▶ **TASK DIRECTIONS**: Return the listing in full and exactly, but without a single picture.

▶ **DATA BLOCK**:
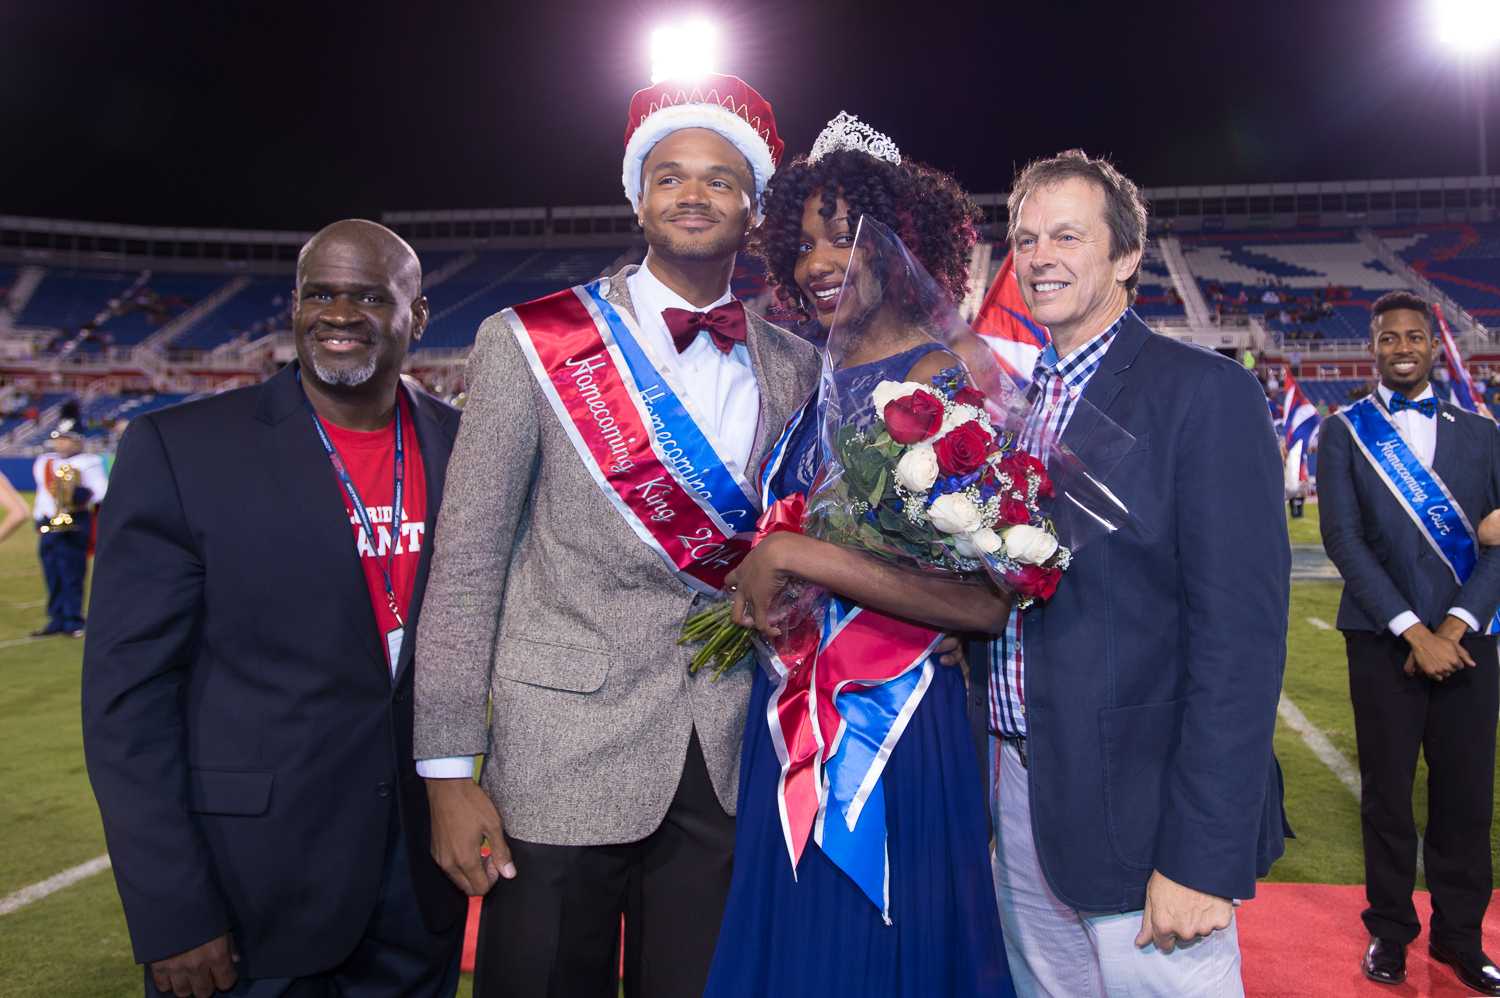 [ Max Jackson | Photo Editor ] FAU Homecoming King Byron Knight and Queen Sherrika Mitchel pose with President Kelly and Dr. King at FAU’s Homecoming game against UAB.
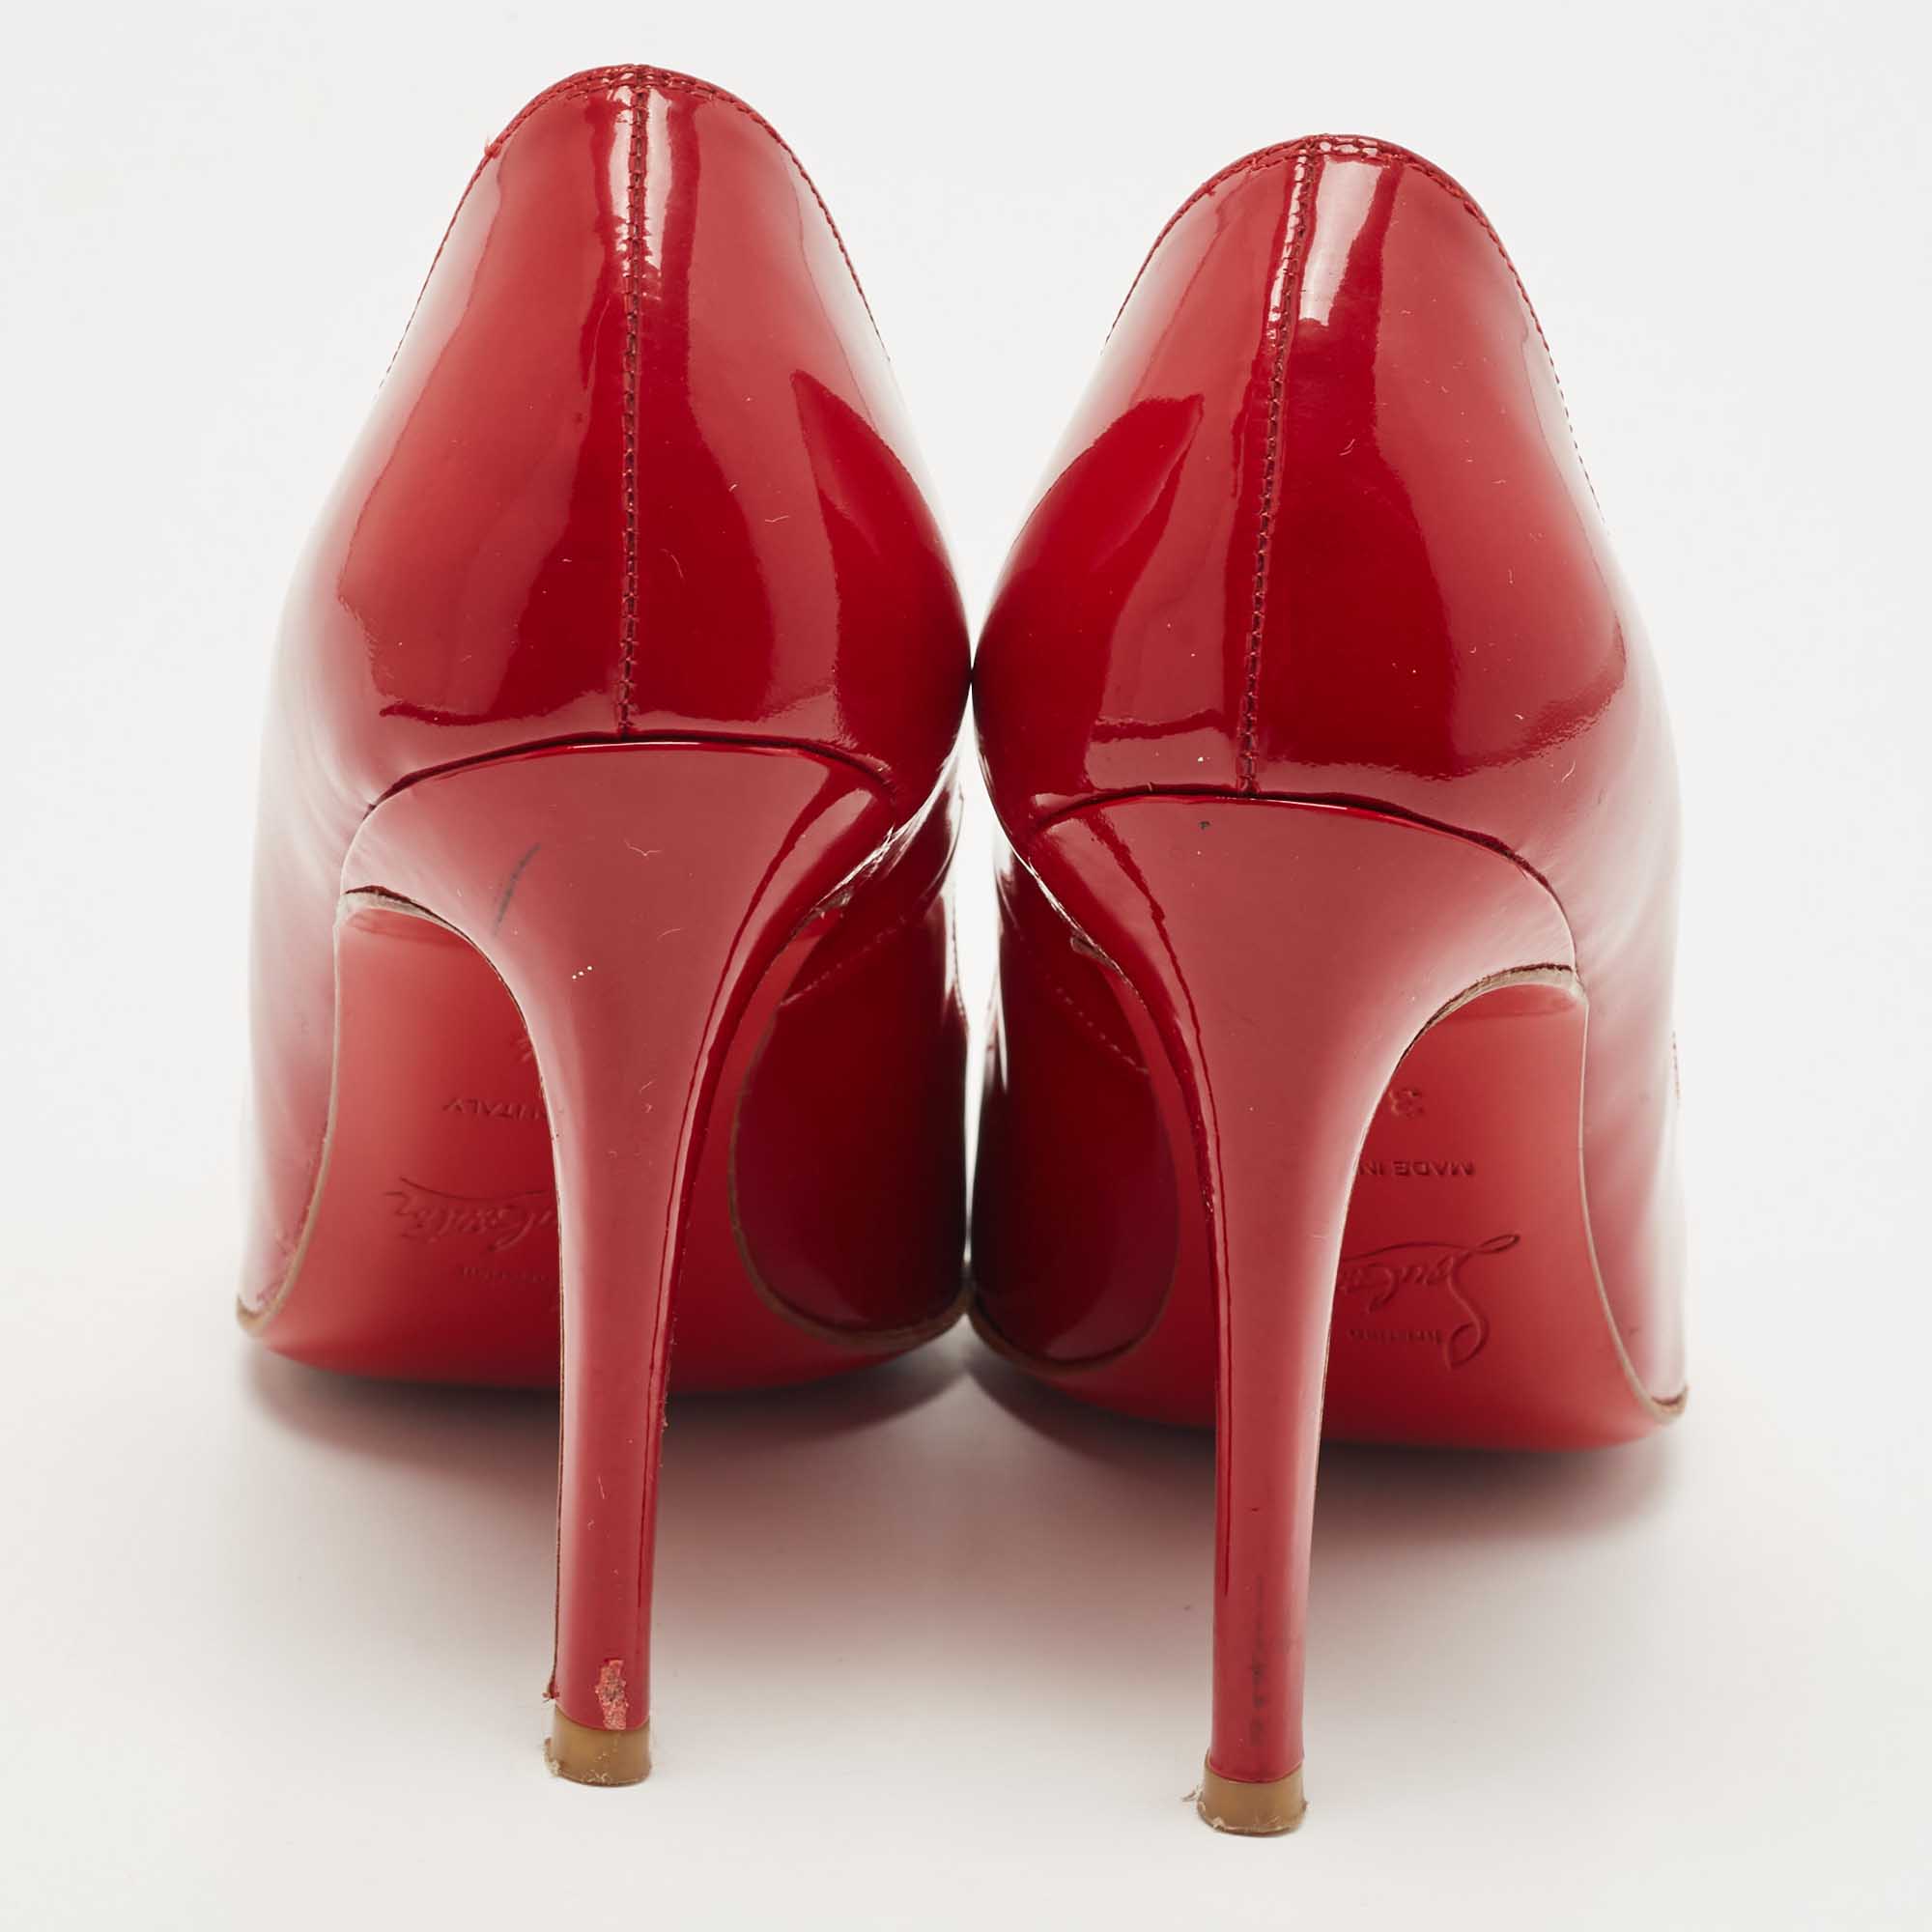 Christian Louboutin Red Patent Simple Pumps Size 34.5
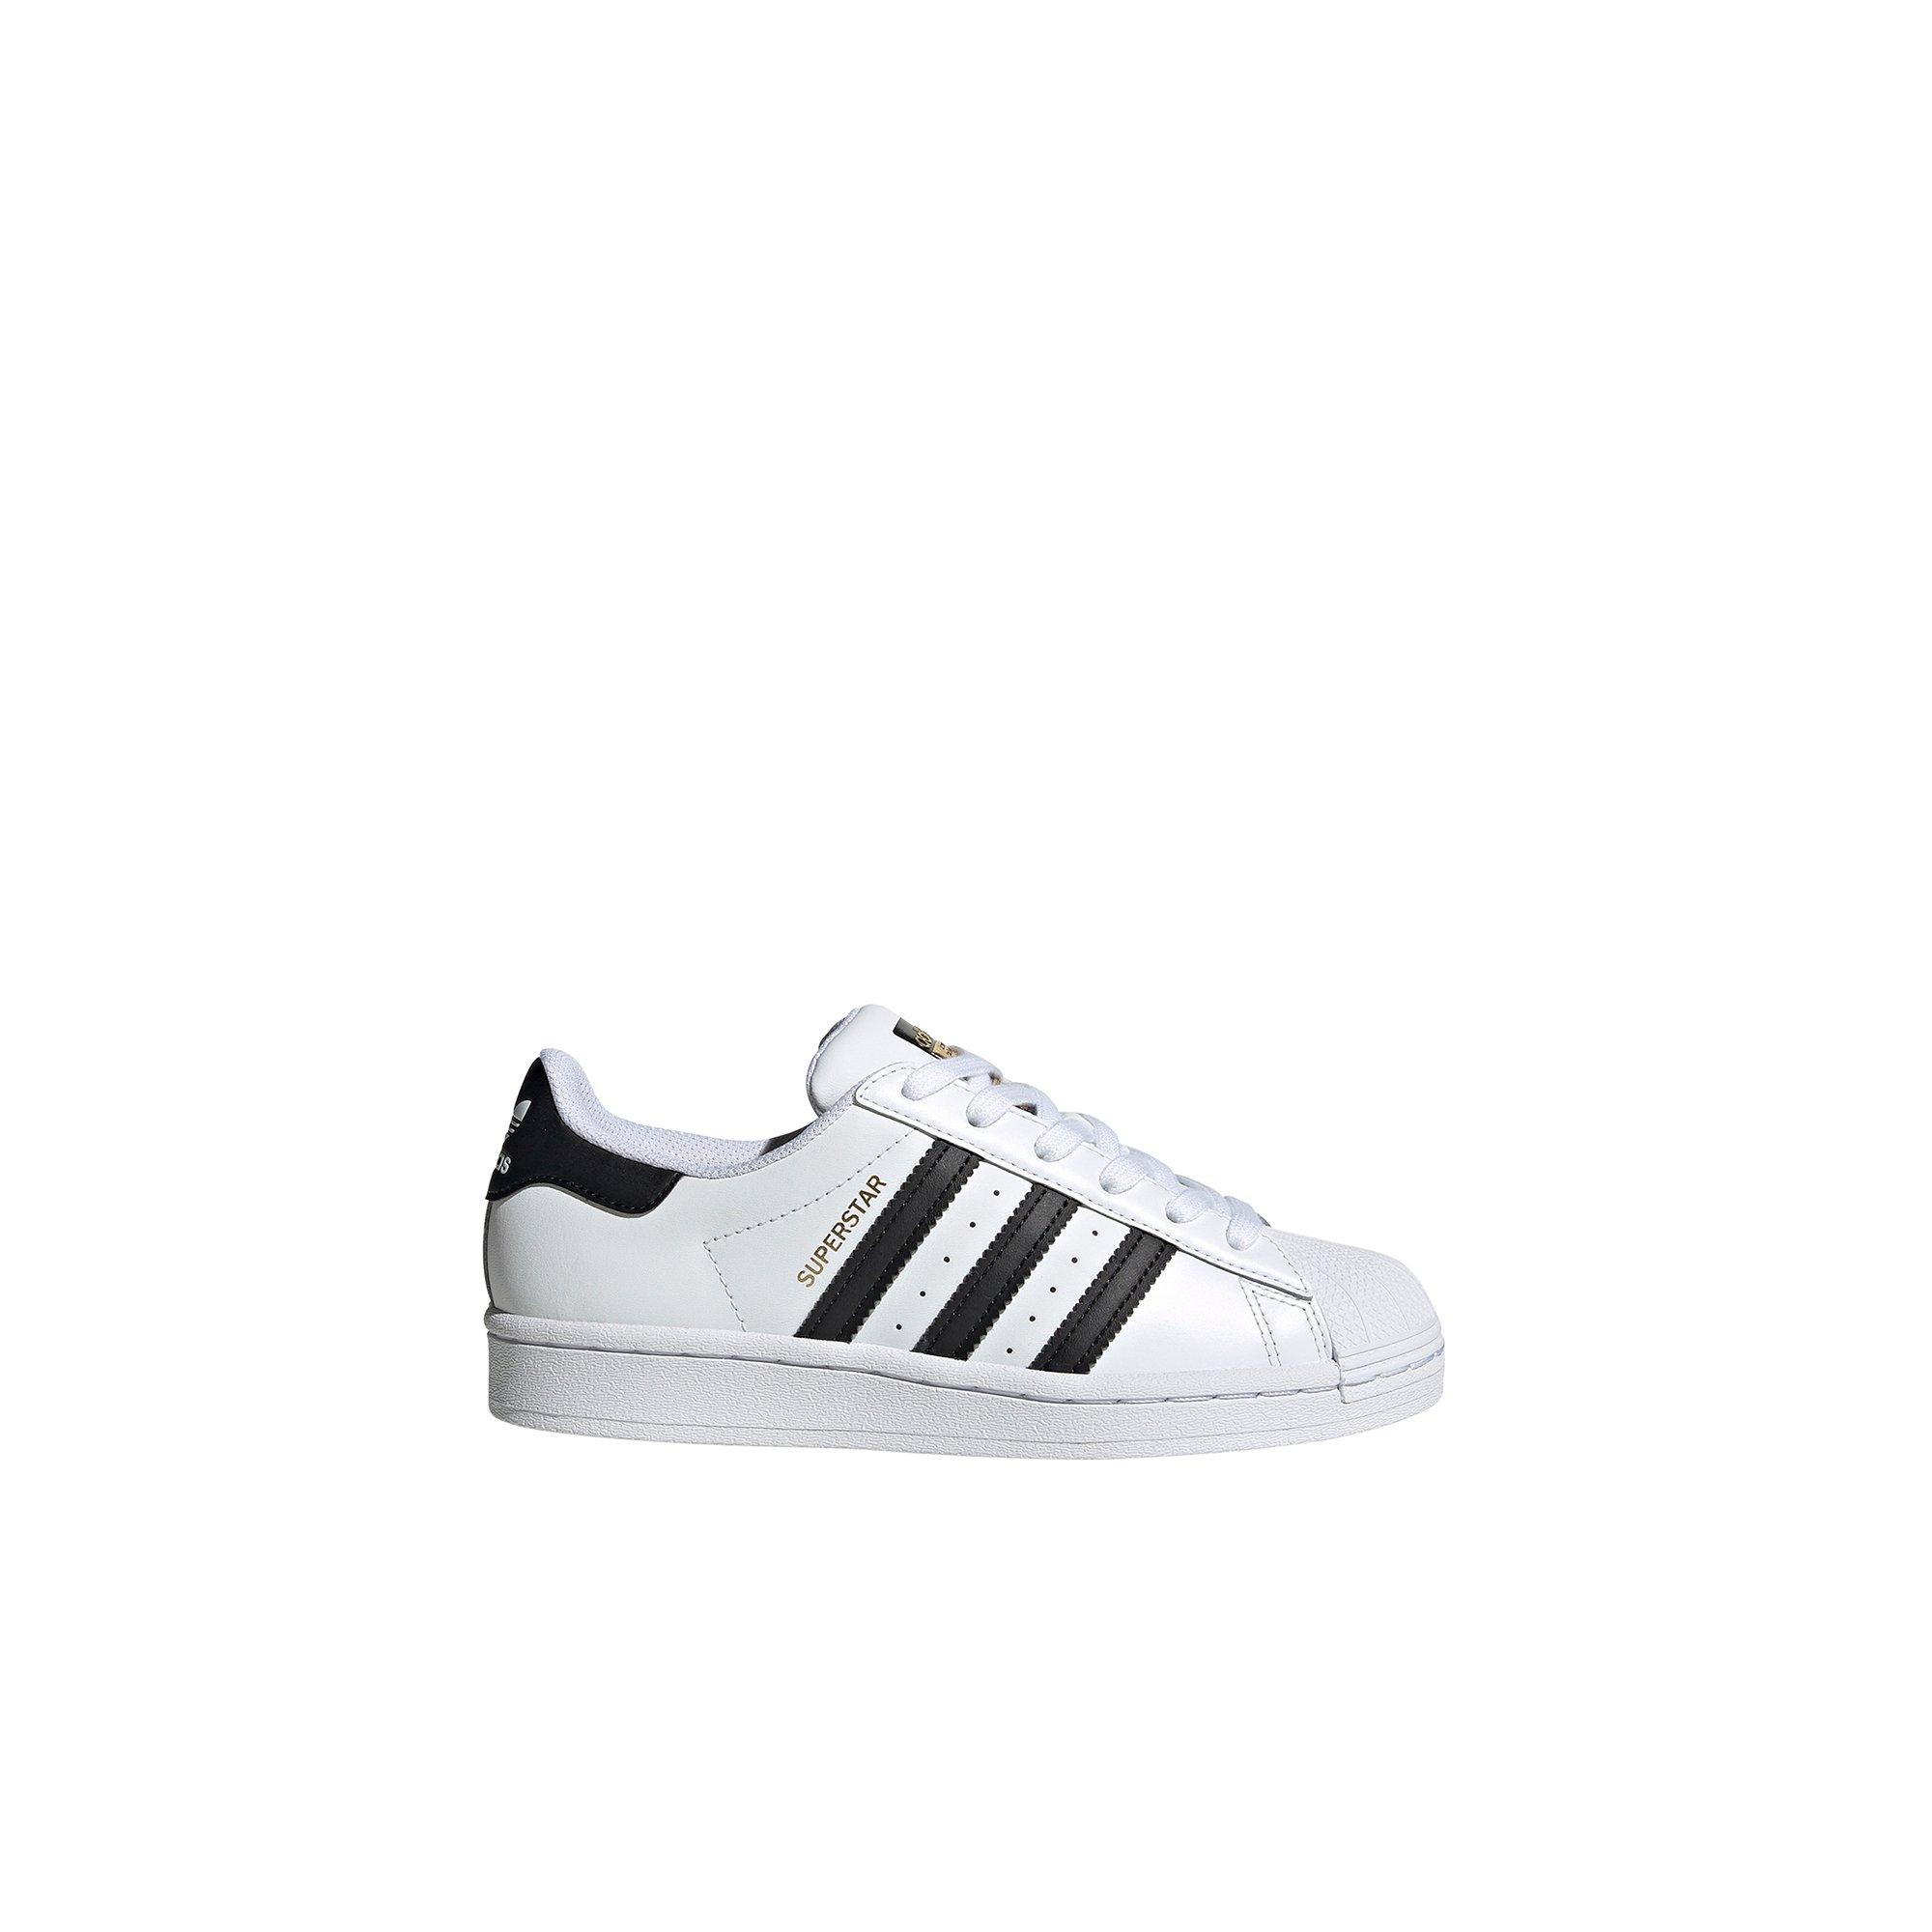 adidas superstar baby shoes

▶ **REPLY**:
 [ Max Jackson | Photo Editor ] FAU Homecoming King Byron Knight and Queen Sherrika Mitchel pose with President Kelly and Dr. King at FAU’s Homecoming game against UAB.
 Christian Louboutin Red Patent Simple Pumps Size 34.5
 adidas superstar baby shoes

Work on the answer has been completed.